What’s the deal with IRA rollovers?
We’ve heard the phrase, but what does it mean?
A rollover is a process used to move a retirement account to another provider. For example, a 401(k) or 403(b) can rollover to an IRA when the person meets the right criteria (listed below). An IRA can even rollover into a 401(k) or 403(b) if a person wants to move it to their employer sponsored retirement plan.
Why would someone do a rollover?
A person might rollover a 401(k) or 403(b) into an IRA if they want to take advantage of certain features like:
– More investment options
– Lower fees
– Consolidation of multiple accounts
– More flexibility in general
It’s not uncommon for a person to collect retirement accounts over the years, so being able to rollover multiple accounts into a single account can help you manage your retirement savings better.
Am I eligible to rollover?
In order to rollover your 401(k) or 403(b) into an IRA, you should contact your plan administrator and find out what the plan rules say about rolling over your funds to another retirement account. In many cases, unless you are 59 ½, the employer may require you to separate from service before you can rollover your funds. This is just the nature of ‘employer sponsored plans.’ Yes, it IS your money – but you also have to follow the rules laid out by the employer plan rules.
If you have an IRA at a place and want to roll it to your 401(k) or 403(b), you can generally do this without any problems – as long as your employer sponsored plan allows it. (This type of rollover is not common, but you certainly can do it.)
Moving an IRA from one company to another is actually called a ‘transfer.’ It’s called a transfer because you’re moving one account type to the same type of account – just with another firm.
How to do a rollover?
The rollover process is pretty simple:
1. Contact the company currently holding your retirement account. Let them know you want to move your account to another retirement account and ask if you are allow to rollover funds into another company.
2. Ask the current company for any forms. The company holding your retirement account may require distribution paperwork to move your funds. It’s best to request these forms early.
3. Contact the new company. Let them know you want to move a retirement account into their company. They’ll let you know if any paperwork is required on their end. Be sure to get a ‘letter of acceptance’ from the new company. This is to be sent to the old company along with any forms that are to be completed. The letter simply states that the new company will accept the funds from the old company.
4. Return each company’s paperwork. If you’ve completed each set paperwork and sent the new company’s letter of acceptance to the old company, the rollover should take place in 2-3 weeks.
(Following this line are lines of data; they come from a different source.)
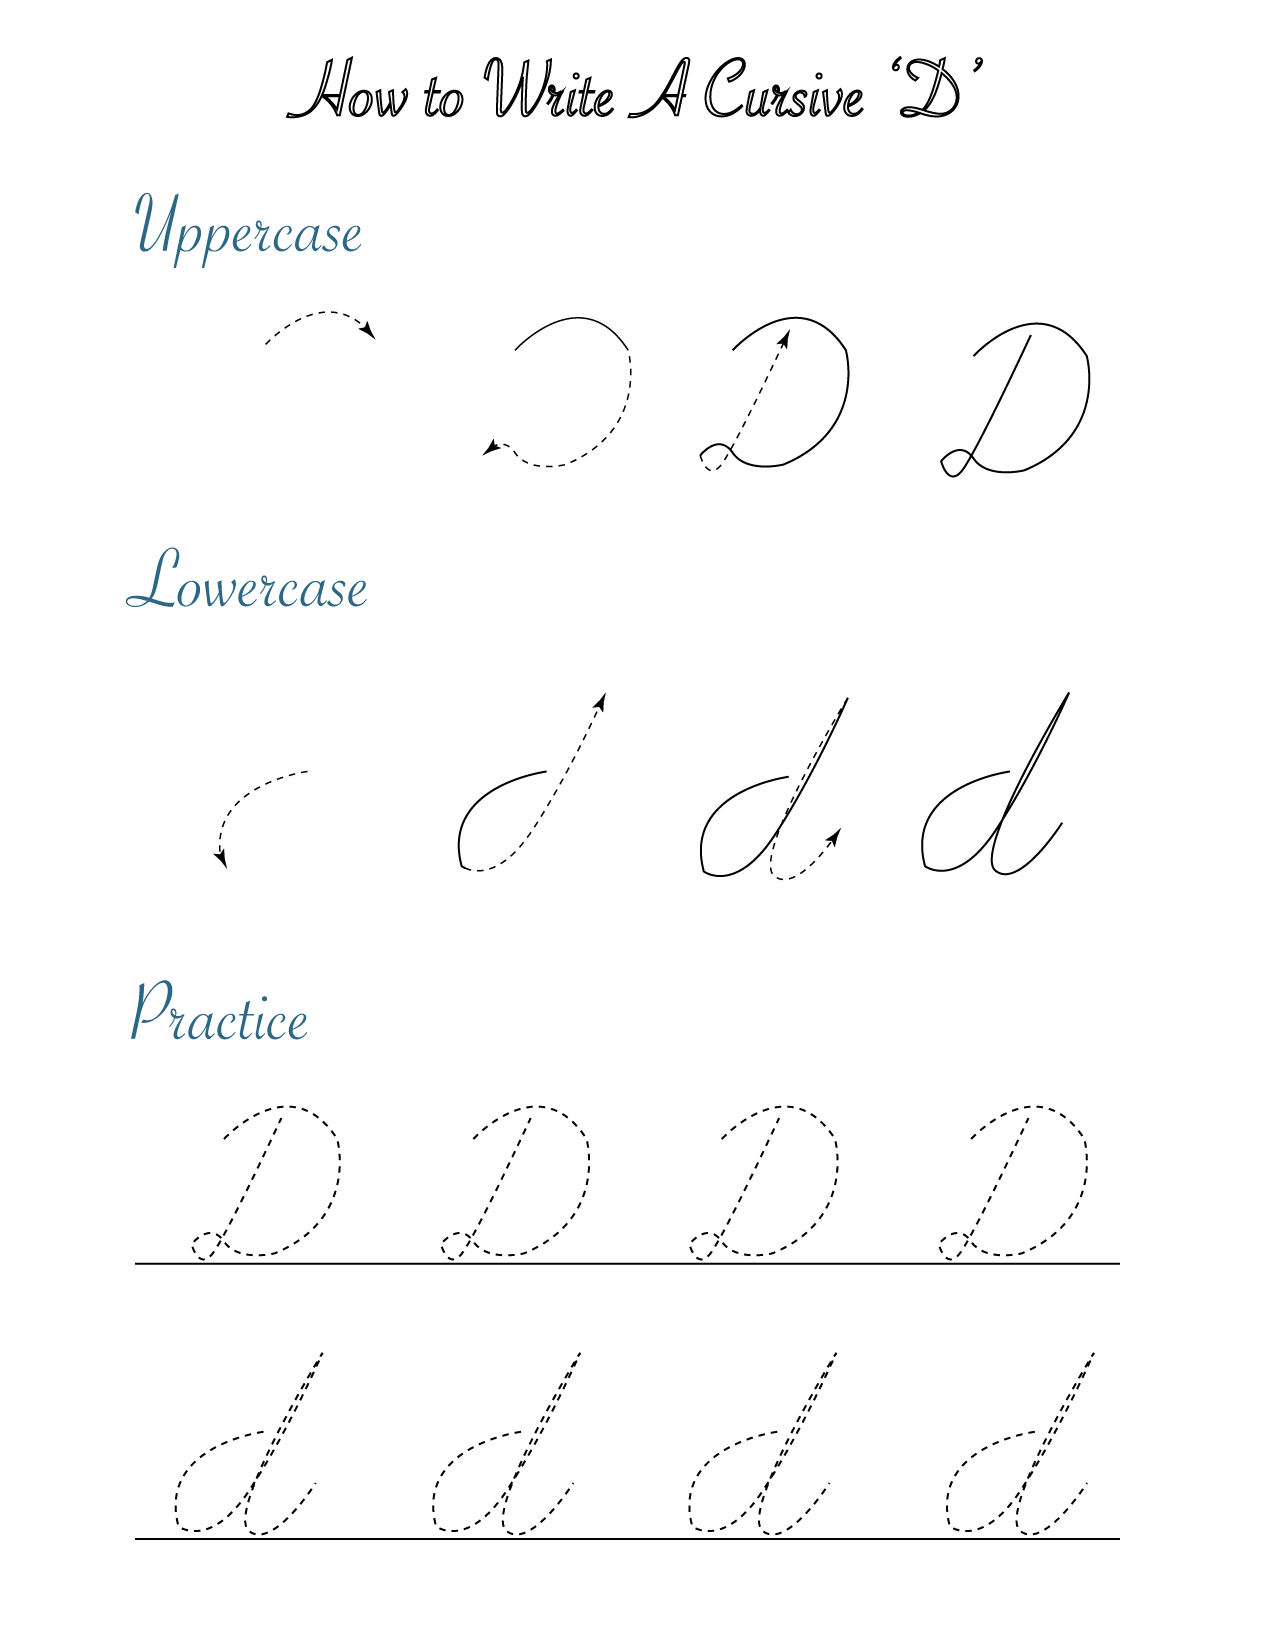 How to write a cursive 'D'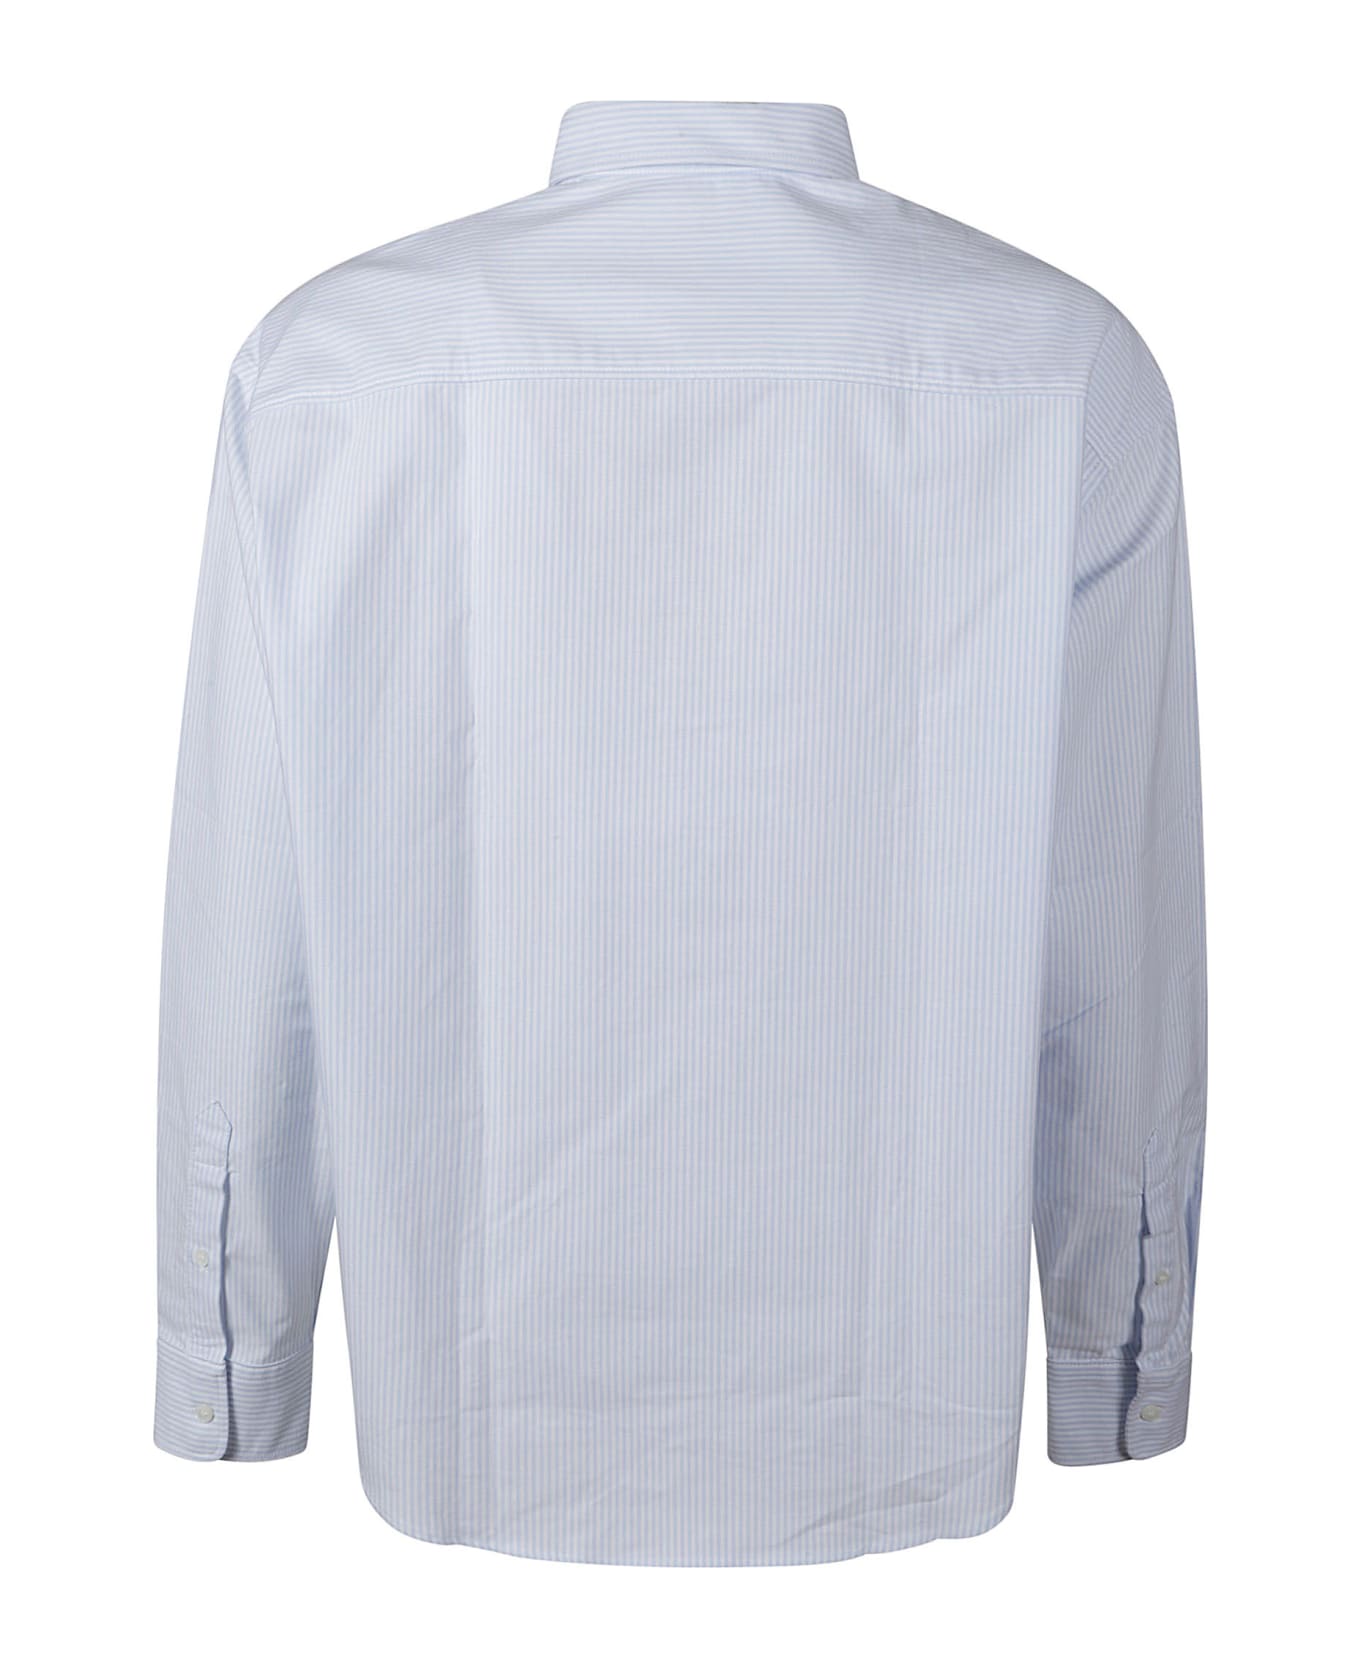 Ami Alexandre Mattiussi Logo Embroidered Stripe Shirt - Blue/White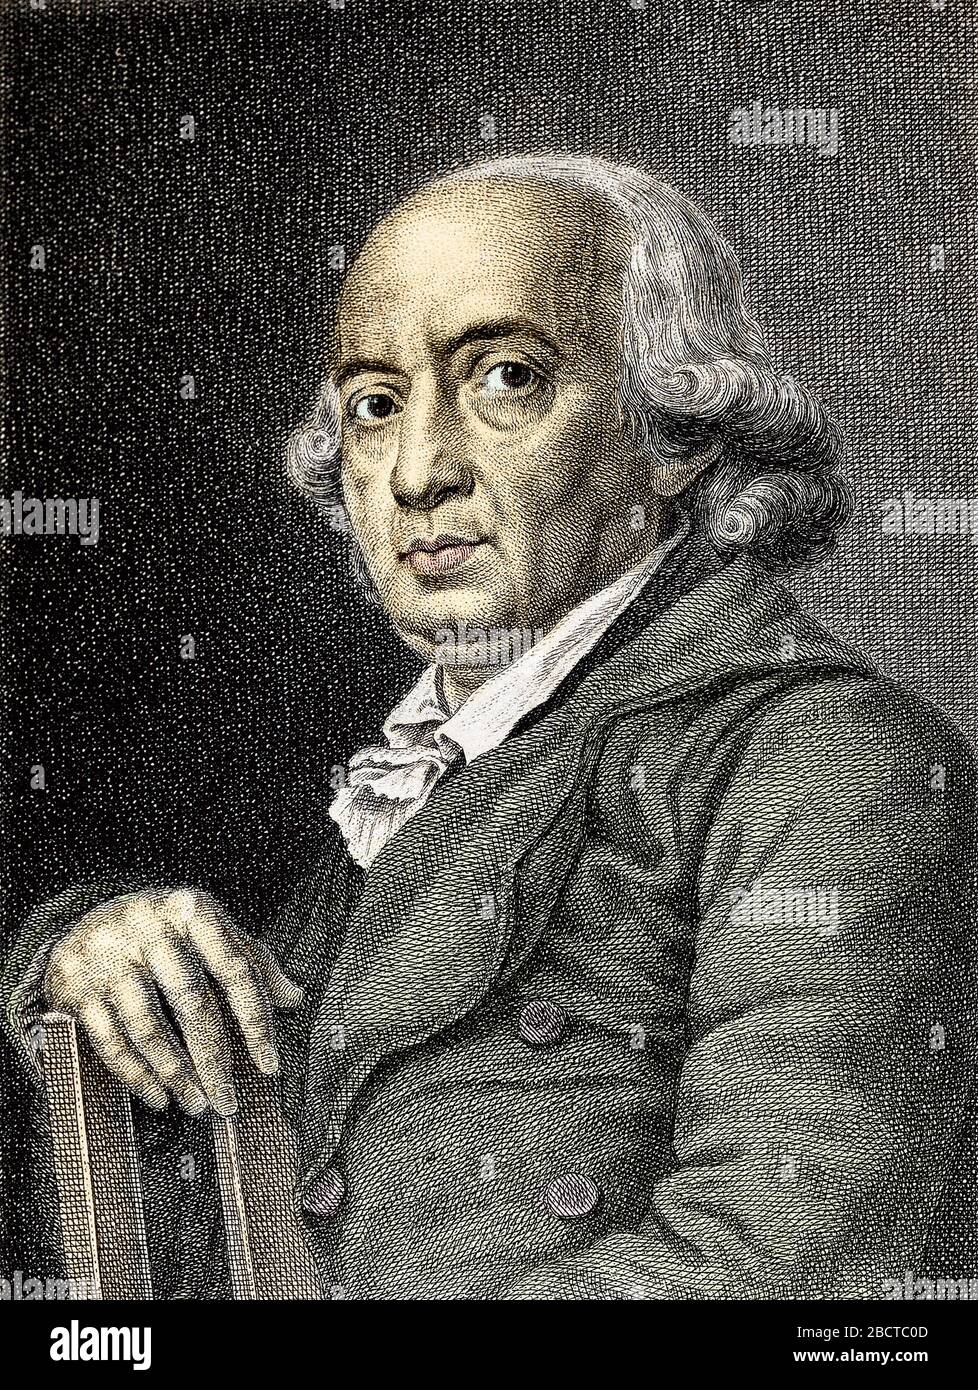 Ritratto di Johann Gottfried von Herder poete et philosophe allemand - Ritratto di scrittore e filosofo tedesco Johann Gottfried Herder (1744-1803) - Foto Stock

Special notes on rollovers.
– A rollover is a tax-free event
– If a 1099-R is sent to you it should show “taxable amount = 0”
– Sometimes a company will send the check to your home – just mail it to the new company.
A rollover is a great way to consolidate multiple retirement accounts and to take advantage of the flexibility that IRAs provide. I hope this quick summary of rollovers helps you understand the basics of the process and how it works.
Have you ever rolled over a retirement account? If so, what tips do you have?